His practice areas included labour law, competition law, and administrative and constitutional law, and his clients included his political party, the African National Congress (ANC); in 2011, he and Andries Nel were the ANC's quasi-prosecutors in the internal disciplinary hearings which resulted in Julius Malema's expulsion from the party. Shortly afterwards, Malindi and Muzi Sikhakhane represented the ANC and President Jacob Zuma in their abortive 2012 lawsuit against the Goodman Gallery and City Press, an attempt to have The Spear, a provocative painting of Zuma, banned from public display. In May 2012, in a widely televised court hearing, Malindi famously broke down in tears during questioning by Judge Neels Claassen. The court ordered the media not to broadcast images of Malindi's outburst, and Malindi explained afterwards that, "I was just overcome by emotions and there is a history to it as a former activist."

He was a member of Advocates for Transformation, and he served on the executive committee of the National Association of Democratic Lawyers as well as, from 1998 to 2002, as a member of the Johannesburg Bar Council.

== Judicial nominations ==
On several occasions since 2010, Malindi has served as an acting judge in the Gauteng Division of the High Court of South Africa, sitting at its seats both in Pretoria and in Johannesburg. The Judicial Service Commission has also interviewed him as a candidate for possible permanent appointment to the Gauteng High Court bench.
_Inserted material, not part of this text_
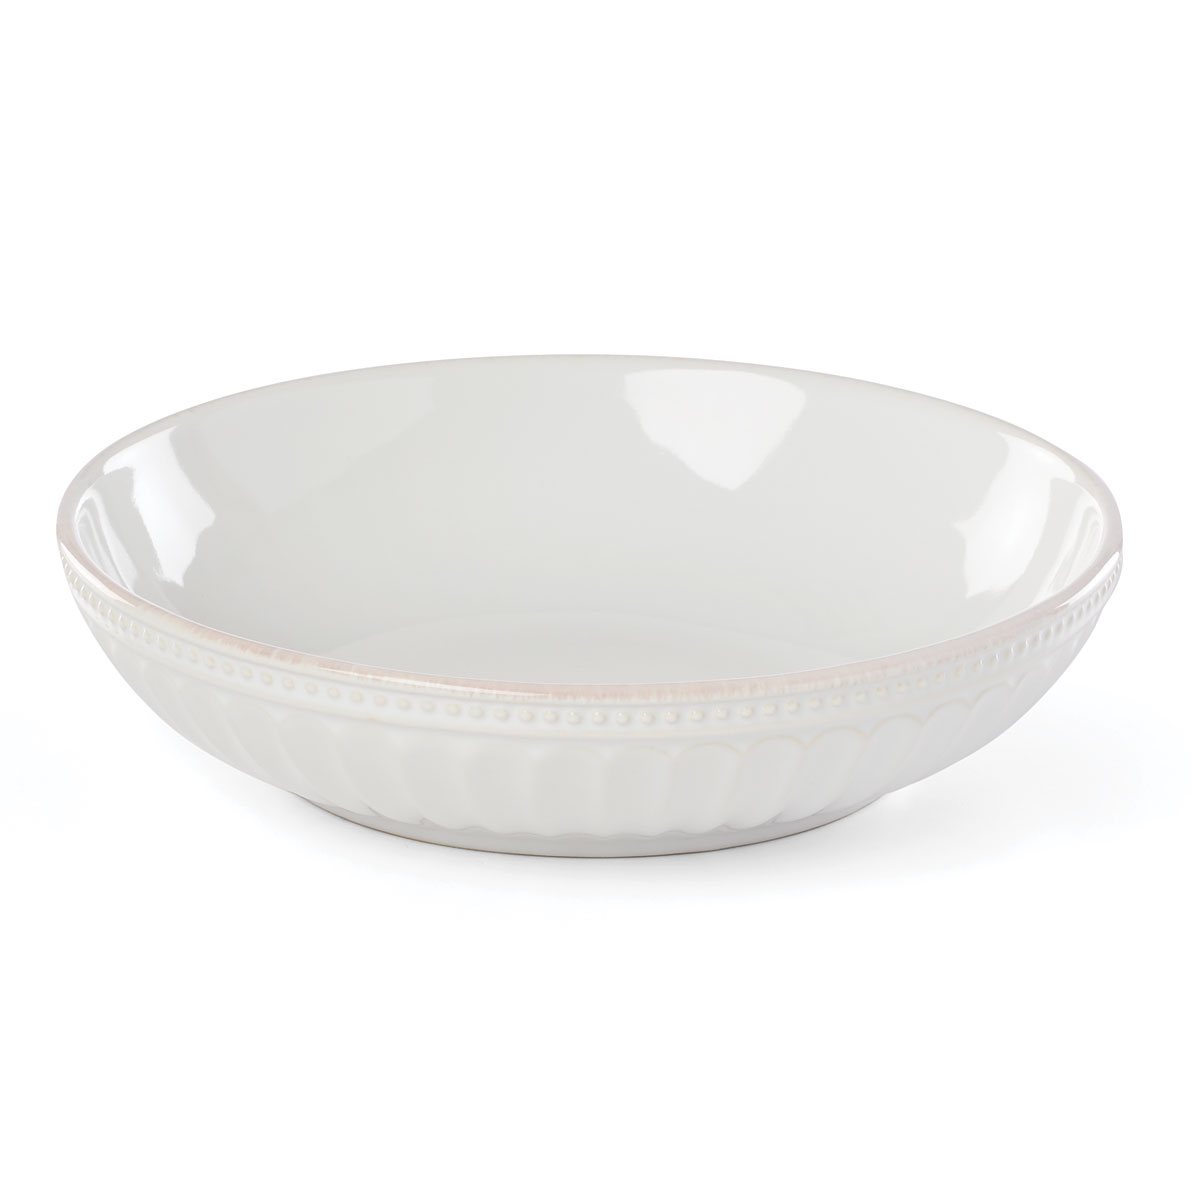 Lenox French Perle Groove White Dinnerware Pasta Bowl, Single

In October 2016, he was shortlisted and interviewed for one of six vacancies arising at the Gauteng High Court. Hendrik Schmidt and Julius Malema, both members of the panel and both opposition politicians (of the Democratic Alliance and Economic Freedom Fighters respectively), raised Malindi's political commitments, questioning whether they might create the perception of judicial bias. Malindi said that he had allowed his ANC membership to lapse in February 2016 and that his judgement would not be "clouded by political affiliation". Later in the interview, when Malindi grew emotional answering another question, Chief Justice Mogoeng Mogoeng asked whether his ability to control his emotions was "an area of challenge" for him. The Judicial Service Commission did not recommend Malindi for appointment, leading Senior Counsel Muzi Sikhakhane and Tembeka Ngcukaitobi to publish a defence of Malindi in the City Press, alleging that he had been overlooked because he was an "activist lawyer". The Economic Freedom Fighters, through its spokesperson Mbuyiseni Ndlozi, later accused the ANC government of attempting to punish the Judicial Service Commission's independent-minded members for their "refusal to appoint" Malindi to the bench.
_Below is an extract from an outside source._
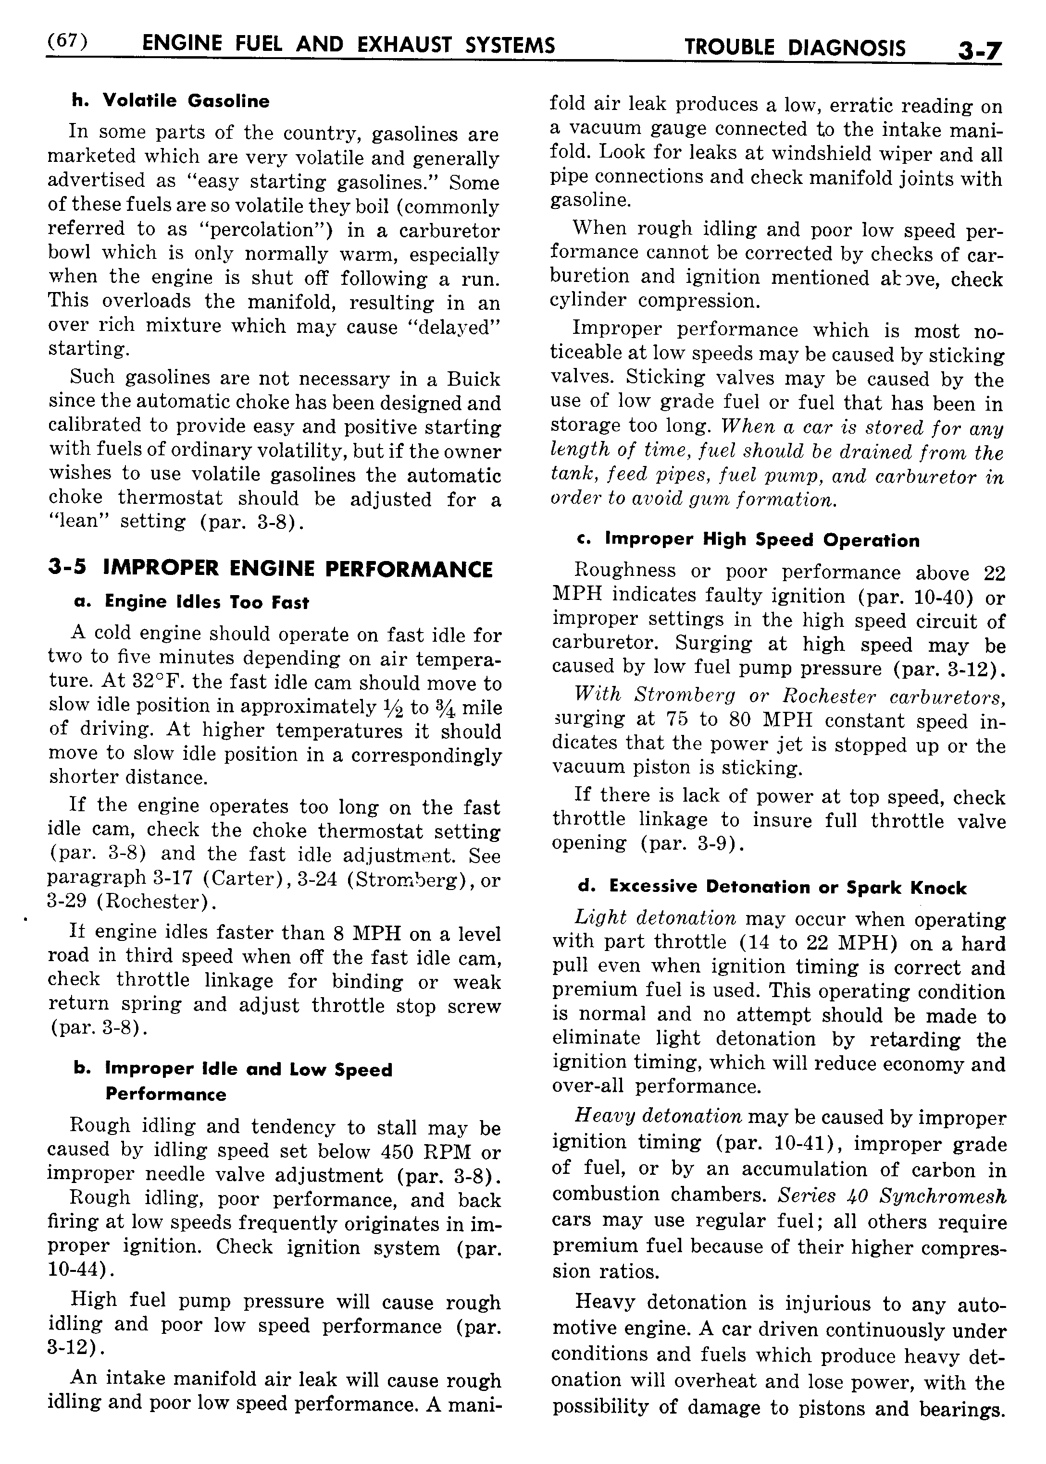 n_04 1956 Buick Shop Manual - Engine Fuel & Exhaust-007-007.jpg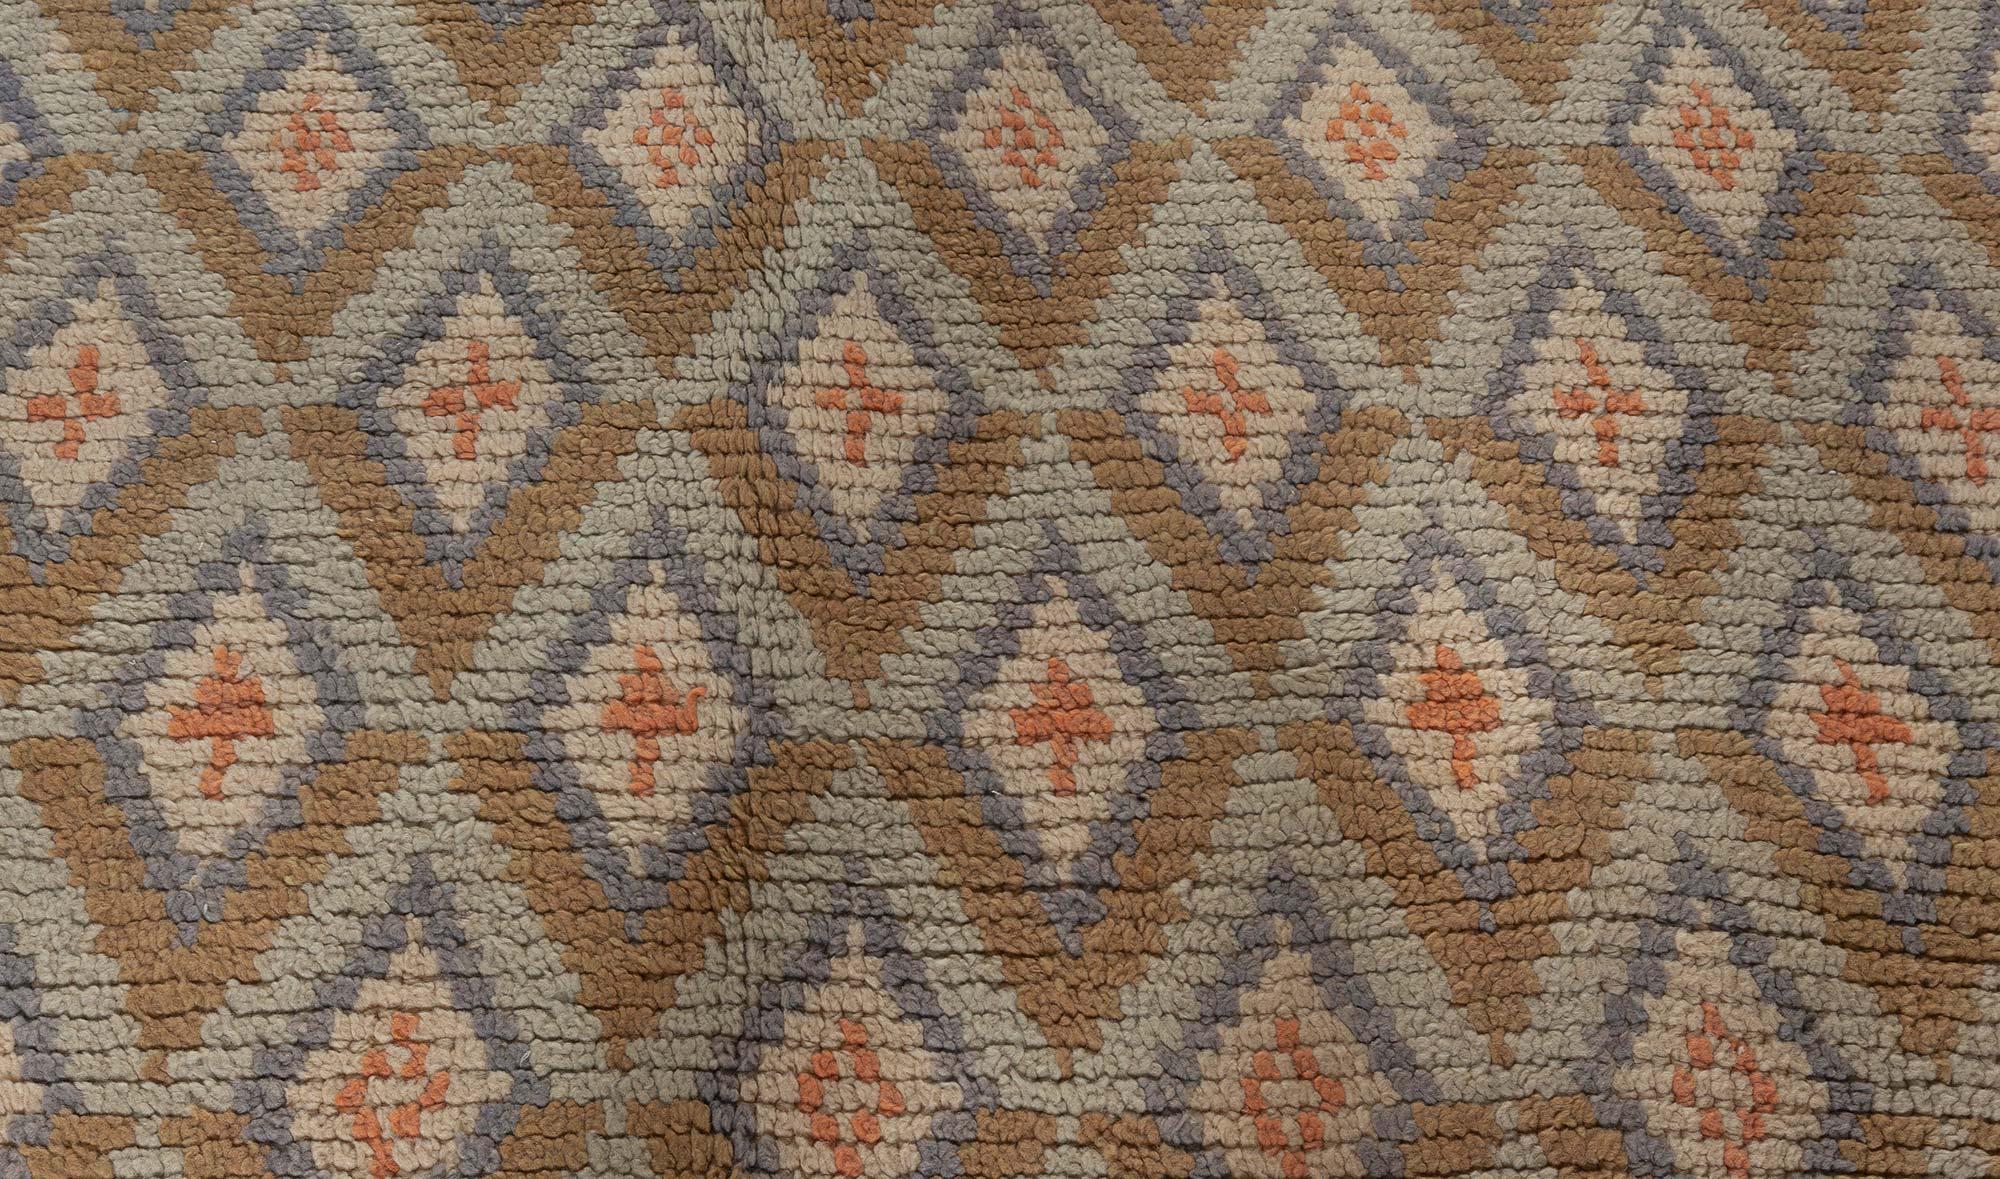 Vintage Swedish Pile rug
Size: 6'3

In April 2021, Malindi was among the 13 candidates shortlisted and interviewed for six new vacancies in the Gauteng High Court. During the interview, Malindi pointed out that it had been four-and-a-half years since his last appearance before the panel, which he said was "more than long enough to allay any fears that I come here as being supplanted from Luthuli House". He also expressed his support for judicial activism. After the interviews, Malindi was one of the six candidates whom the Judicial Service Commission recommended for appointment.
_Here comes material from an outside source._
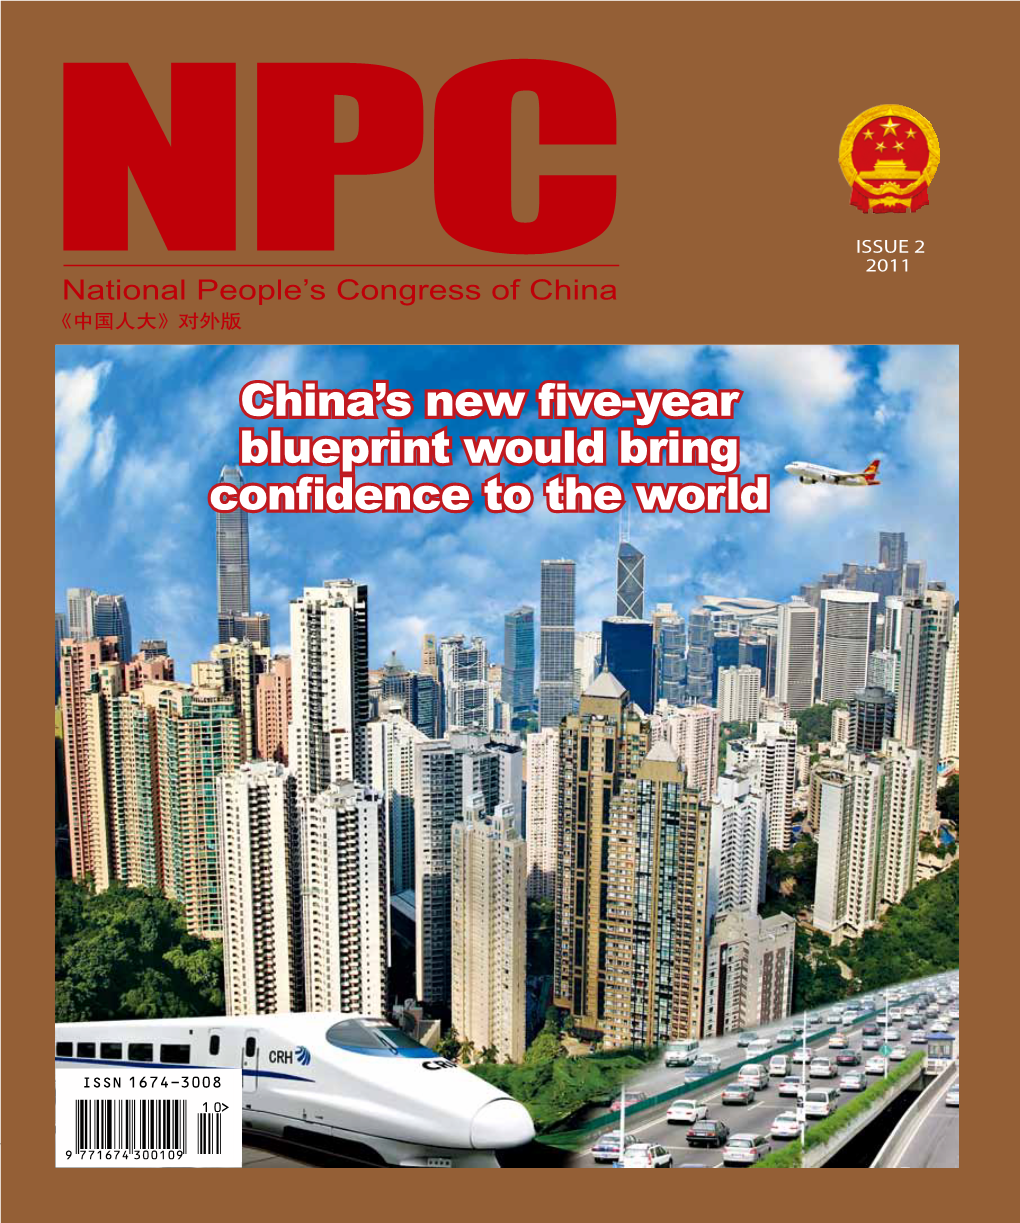 ISSUE 2 2011 Npcnational People’S Congress of China 《中国人大》对外版

== Gauteng High Court: 2021–present ==
President Cyril Ramaphosa confirmed his appointment to the bench with effect from 1 July 2021.

== Personal life ==
Malindi is married to Caroline Nicholls, a judge and former attorney; they met when she was part of his defence team at the Delmas Treason Trial, then serving as an attorney under Priscilla Jana. Their first daughter was born in January 1989, while Malindi was imprisoned, and another of Malindi's lawyers, George Bizos, became her godfather.

In 1998, Malindi was the master of ceremonies at activist Simon Nkoli's funeral in Johannesburg; he had been friends with Nkoli, another Delmas Treason Triallist, since high school.